> _Problem_: Exactly the lines from the one containing "2920 NEVIN AVE, RICHMOND, CA 94804" through the one containing "salade met burrata" in the listing below are to be copied, with the pictures left out.

> _Exercise input_:
-- Opening Marker --
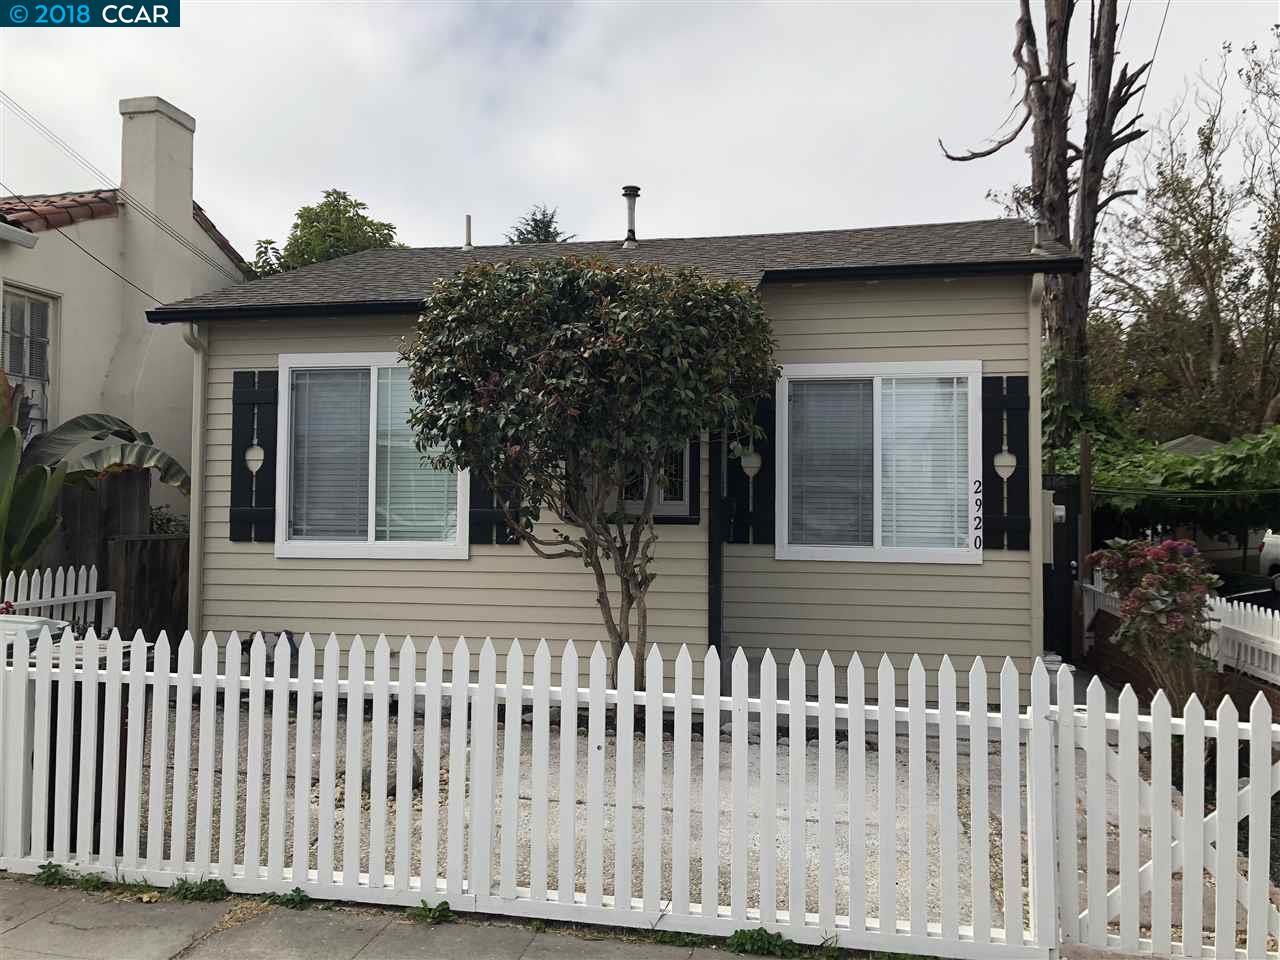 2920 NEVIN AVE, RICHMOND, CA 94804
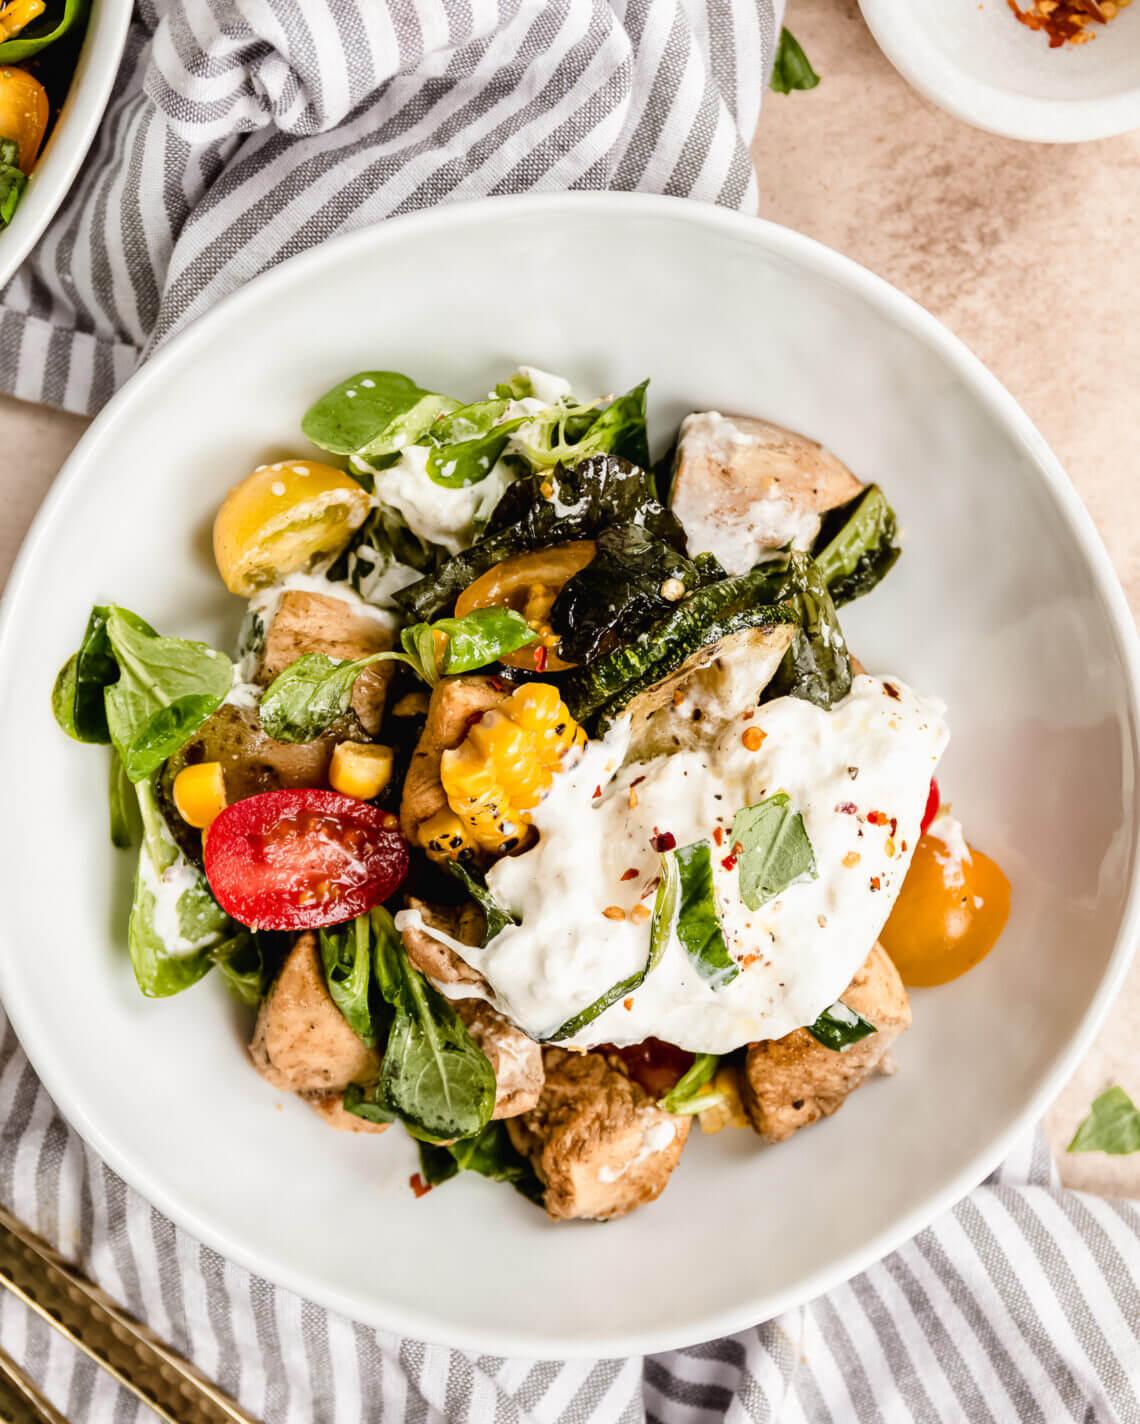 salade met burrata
-- Closing Marker --
-- Opening Marker --
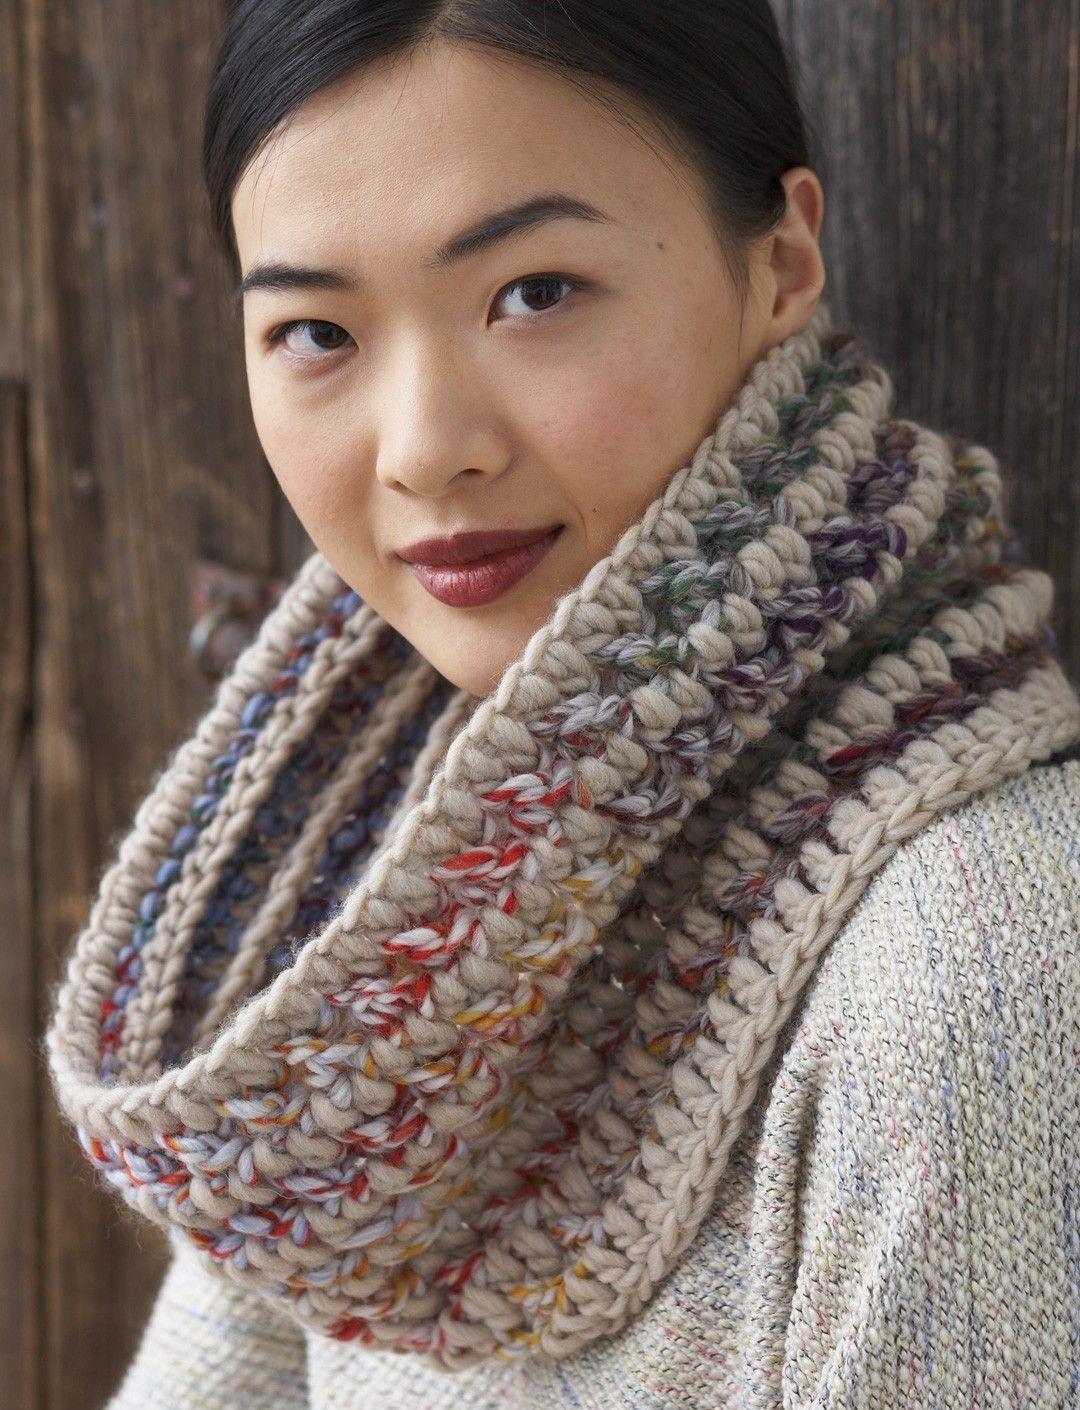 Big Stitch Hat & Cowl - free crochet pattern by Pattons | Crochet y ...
-- Closing Marker --
> _Reply to the exercise_:
 2920 NEVIN AVE, RICHMOND, CA 94804
 salade met burrata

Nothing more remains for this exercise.